:: Data shown ::
+ + + +
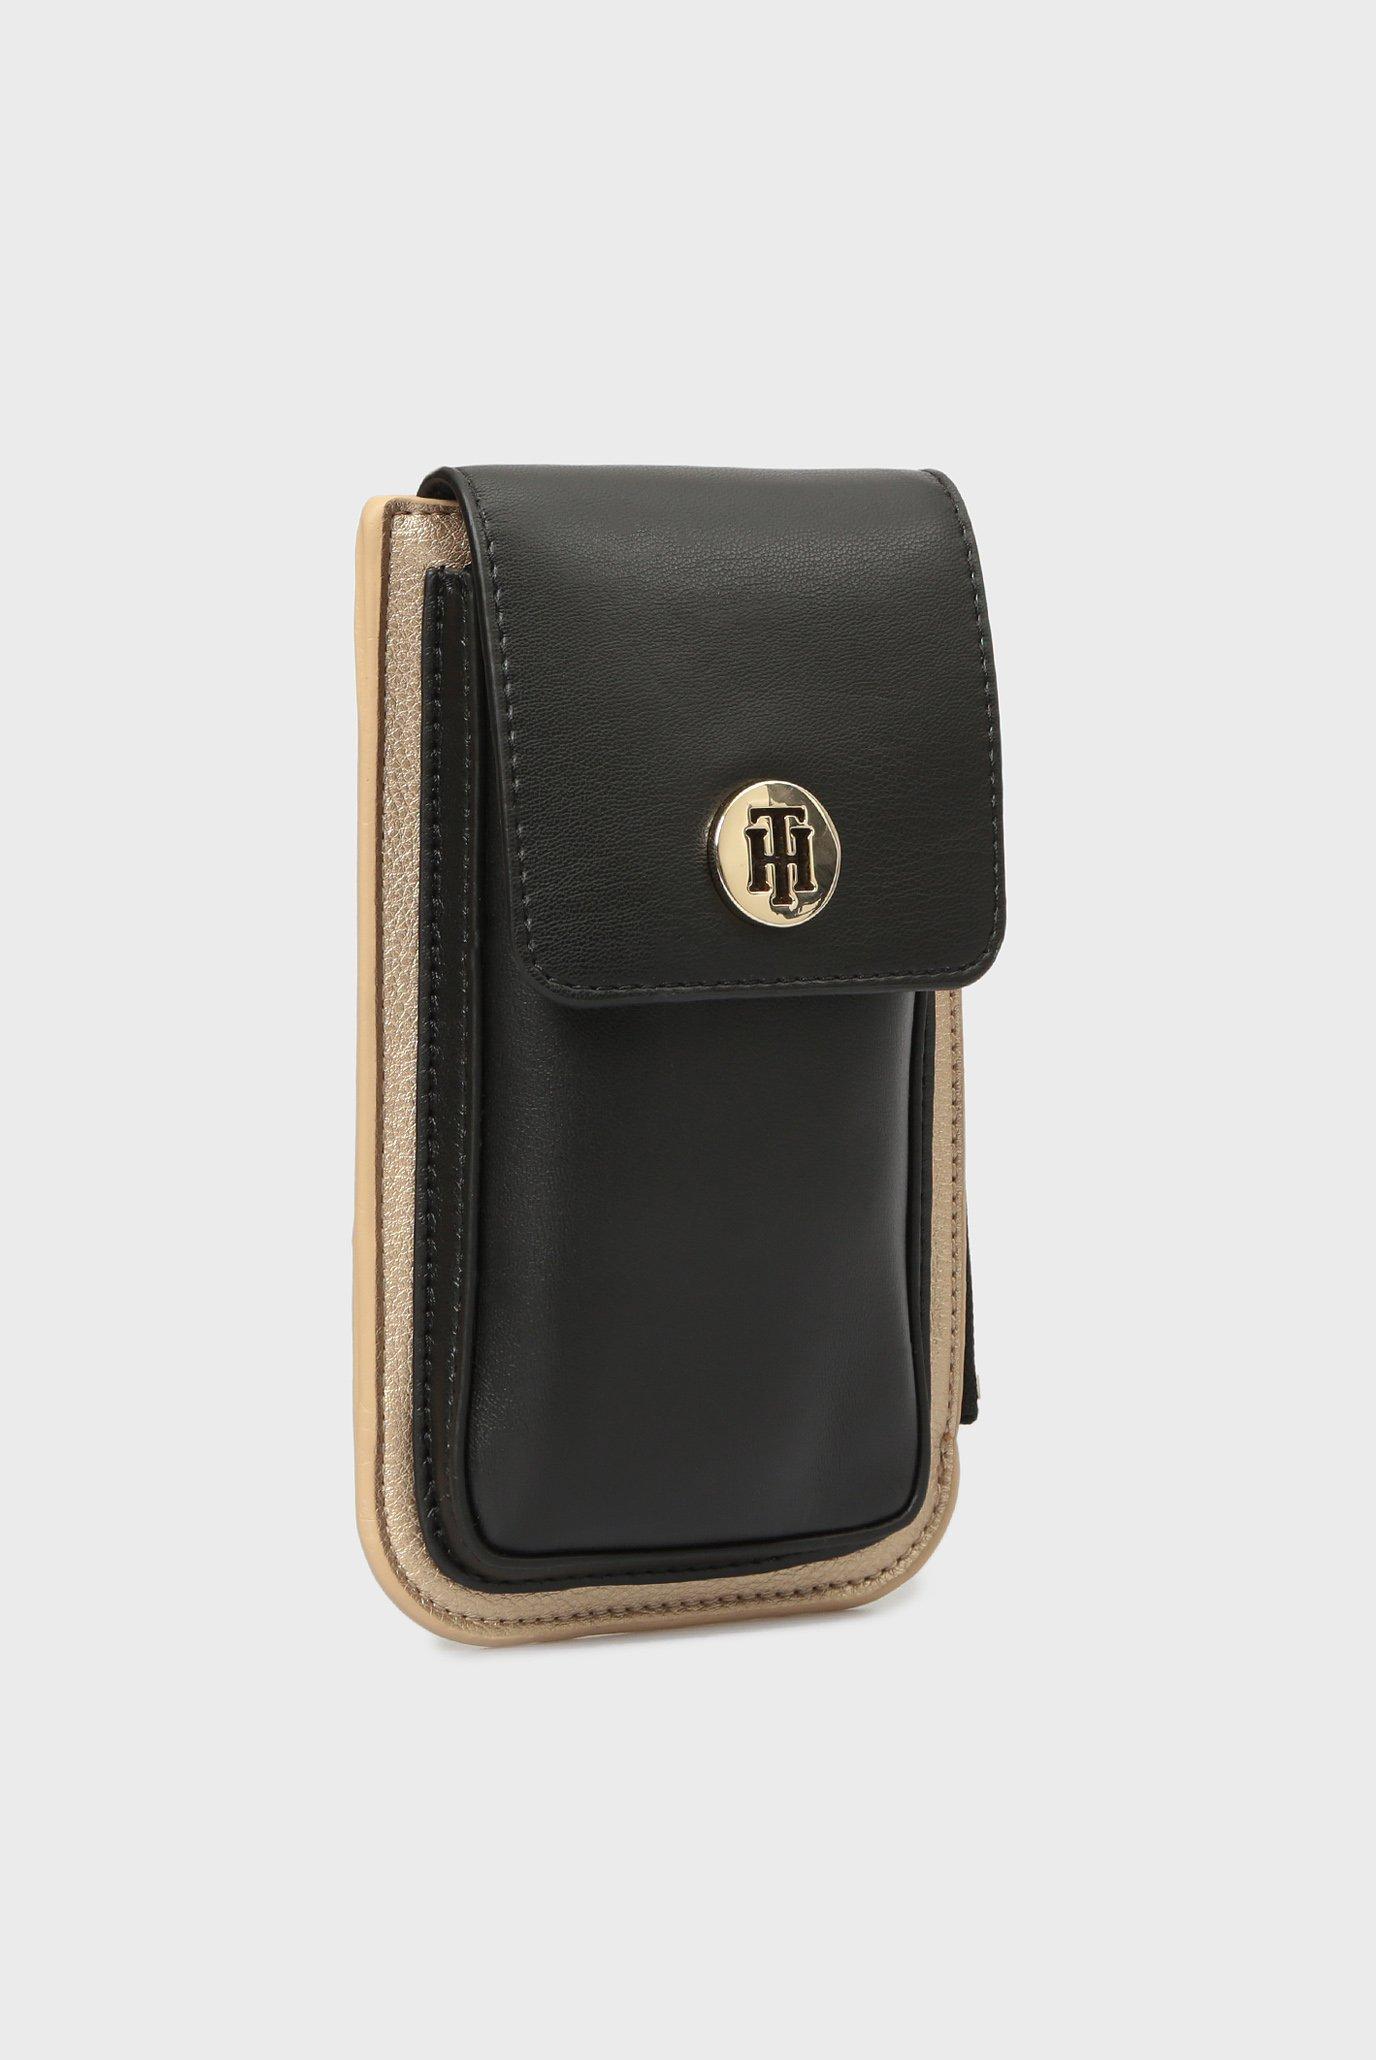 Купить Женская сумка-чехол для телефона IDENTITY PHONE POUCH Tommy Hilfiger Tommy Hilfiger AW0AW05808 – Киев, Украина. Цены в интернет магазине MD Fashion
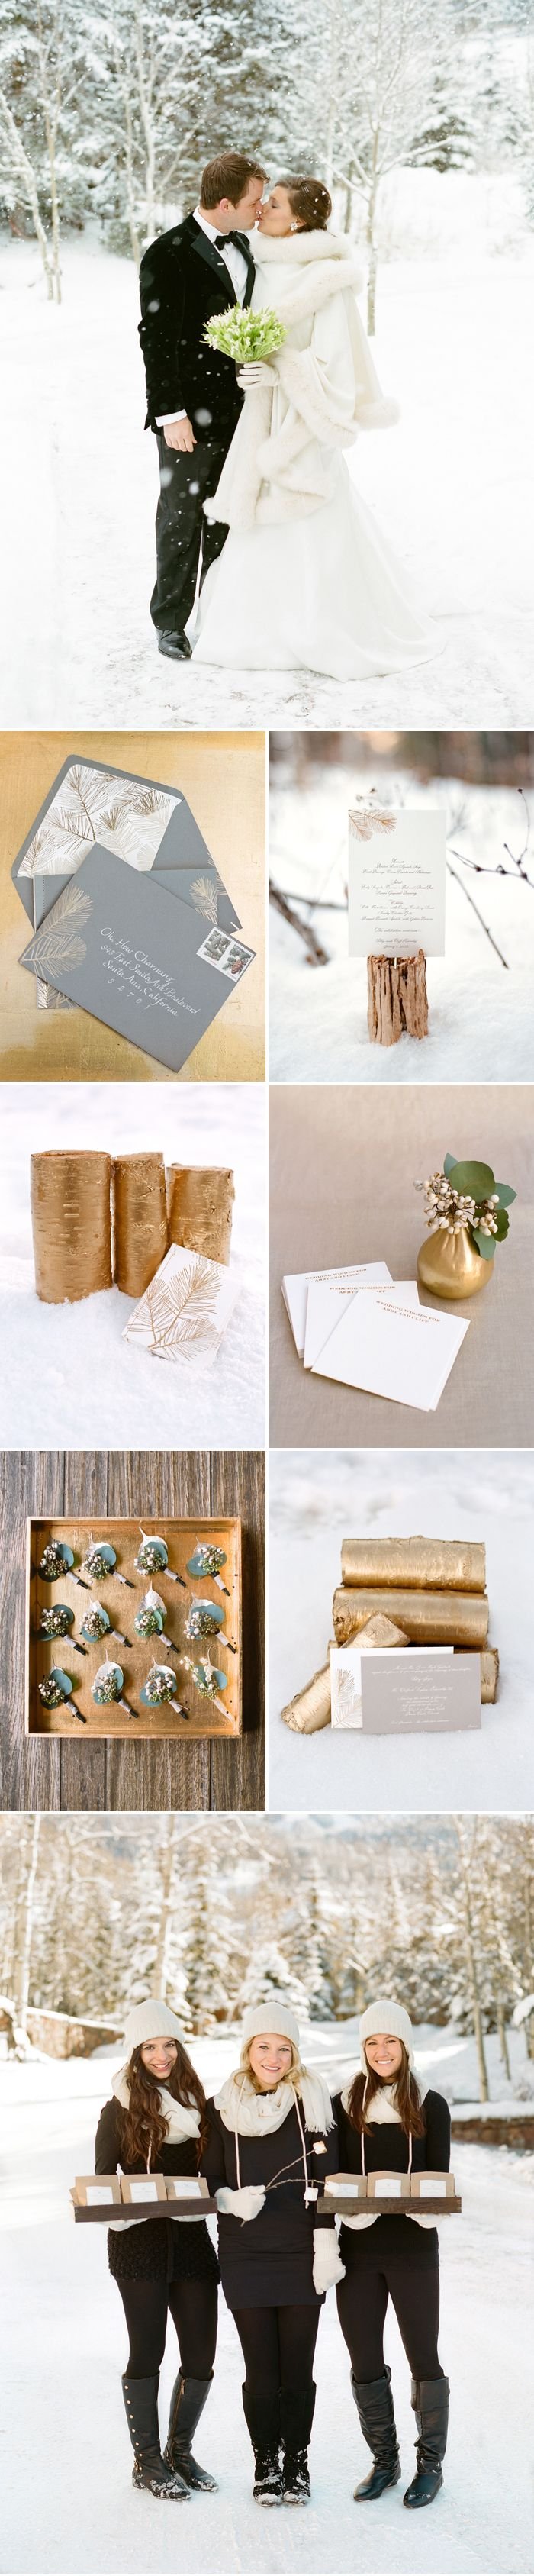 152 best Winter Weddings images on Pinterest | Winter barn weddings ...
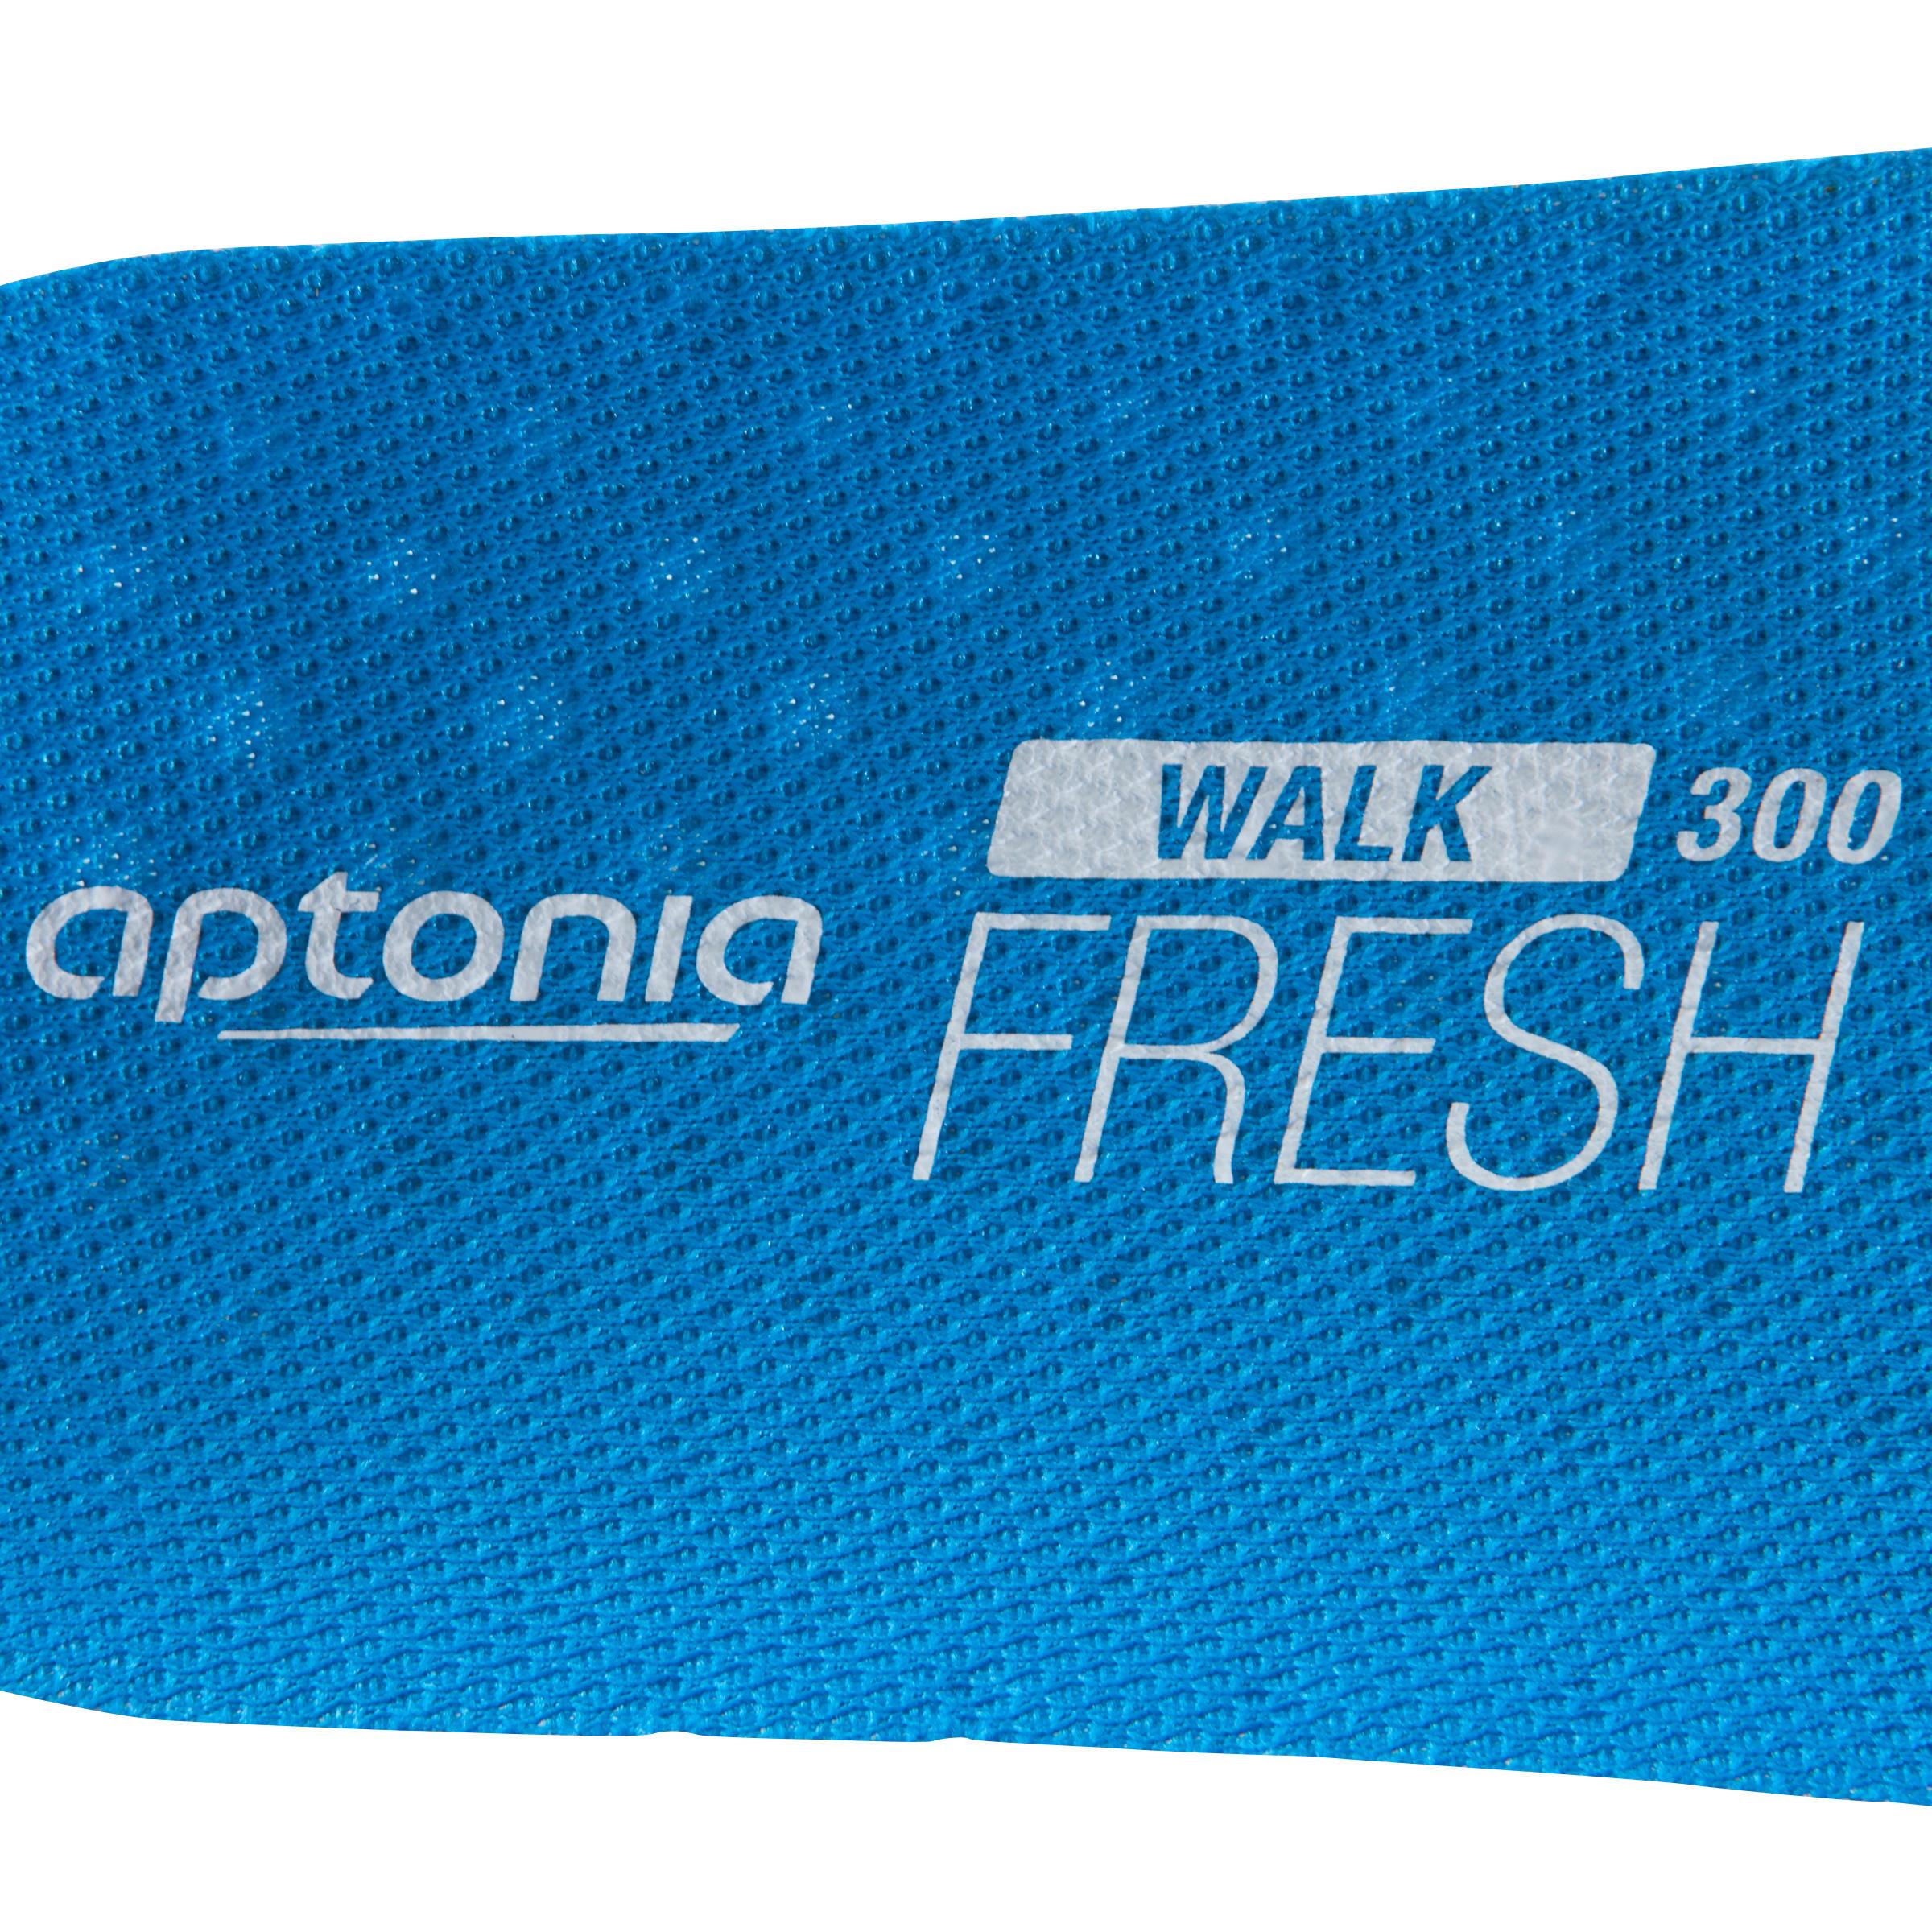 Insoles Walk300 - Blue
+ + + +
:: Task requirements ::
Once the images are removed, print the remaining data exactly as it appears above.

:: Expected answer ::
 Купить Женская сумка-чехол для телефона IDENTITY PHONE POUCH Tommy Hilfiger Tommy Hilfiger AW0AW05808 – Киев, Украина. Цены в интернет магазине MD Fashion
 152 best Winter Weddings images on Pinterest | Winter barn weddings ...
 Insoles Walk300 - Blue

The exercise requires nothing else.